Cheap flight tickets are killing Jet Airways
Rising fuel costs make for an even shorter runway at Jet, which is burdened with $1.2 billion in net debt.
Go to any Indian airport, and it’ll appear that nearly all of the country’s billion-plus people have decided to fly. Yet talk to shareholders of India’s largest aviation businesses, and they’ll tell you how miserable they are.
Oxygen masks have been down since last month’s 97 percent drop in quarterly profit for InterGlobe Aviation Ltd., which operates IndiGo, the budget carrier with almost two-fifths of India’s domestic market.
Rising fuel costs make for an even shorter runway at Jet Airways India Ltd., which is burdened with $1.2 billion in net debt in contrast to IndiGo’s $1.6 billion of net cash. India’s second-largest carrier was forced to postpone its fiscal first-quarter results on Thursday after the audit committee, comprising three independent directors and one representative of equity partner Etihad Airways PJSC, refused to approve the accounts. Following a one-week-old Economic Times report about a cash crunch, denied by the company as “inaccurate” and “malicious,” Jet has now appointed a committee to improve public perception of the airline.
Maybe the carrier should also consider a committee to improve investor sentiment. Including the near 7 percent drop on Friday morning in Mumbai, Jet shares have lost two-thirds of their value so far this year. Those of budget carrier SpiceJet Ltd. have dropped by almost 40 percent.

Blame the woes on everything from lax hedging policies to India’s exorbitant fuel taxes and overambitious fleet expansion. None of those, however, is a satisfactory explanation for why a domestic aviation market that has in just three years overtaken Australia, Japan, Russia and Brazil should be so fragile. Aside from whatever it is that’s bothering Jet’s audit committee, the biggest problem plaguing the industry is pricing.
Yet desperate carriers are pampering fliers with promotions they can ill-afford. Jet, for instance, is currently offering a 30 percent discount on base fares to international destinations. This is when its cost of flying one passenger-kilometer, excluding fuel, was 3.17 rupees last fiscal year, according to SBICAP Securities Ltd., compared with 2.53 rupees for SpiceJet and 2.04 rupees for IndiGo. Revenue per available seat kilometer has exceeded all-in costs in just three of the past 14 quarters.

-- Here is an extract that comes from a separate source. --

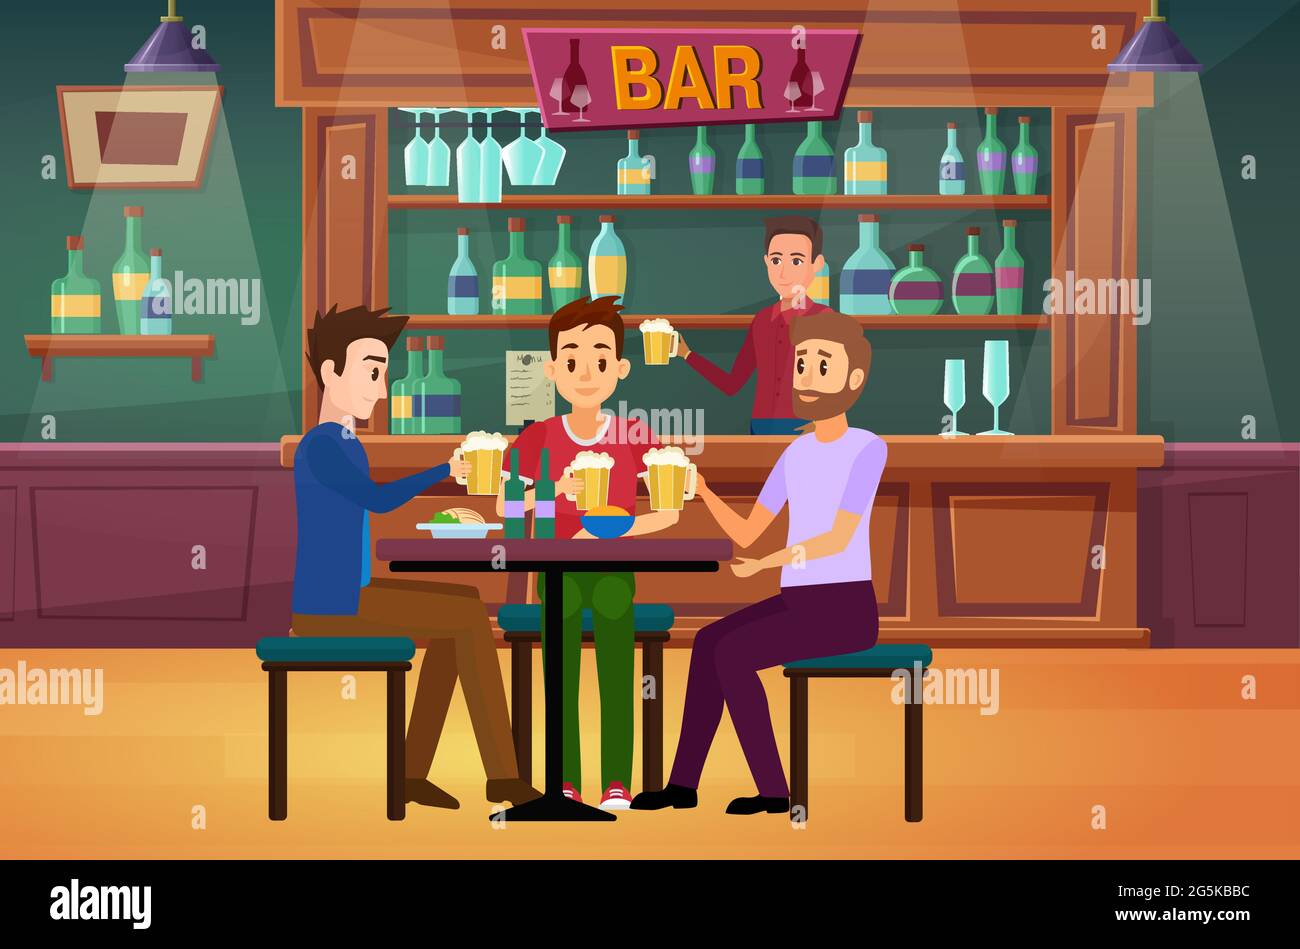 Des amis boivent de la bière au bar ou dans un pub. Caricature joyeux jeune homme personnages tenant des verres à bière, les gars buvant, s'amusant, barman derrière le comptoir dans le fond intérieur du restaurant Illustration de Vecteur

The obvious point is that it may be pointless to run a full-service carrier like Jet if it can’t even hold on to a better premium over budget airlines like SpiceJet and Indigo. The other message is that operational efficiencies alone aren’t enough. IndiGo – whose reputation for ruthless cost management makes it Asia’s biggest budget airline by market capitalization – is also getting thwacked by the Indian consumer’s legendary unwillingness to pay.
From transport to communication and investment banking, the motto of every Indian business seems to be: “Let’s get volumes today, pricing power will come tomorrow.” For tycoon Mukesh Ambani, it means feeding his countrymen 3.4 billion hours of video content every month, and hoping that his telecom service’s less than $2-a-month revenue per user will turn into a bigger number tomorrow.
Ultimately, the problem boils down to this: In 1970, the average Chinese and the average Indian were equally poor. Since then, both countries have narrowed the gap with the Americans, but the Chinese have been more successful.
This is why Indians won’t pay a premium of even 1 rupee per kilometer for hot meals and cold towels. After all, they’re paying 2 rupees for a pilot, aren’t they?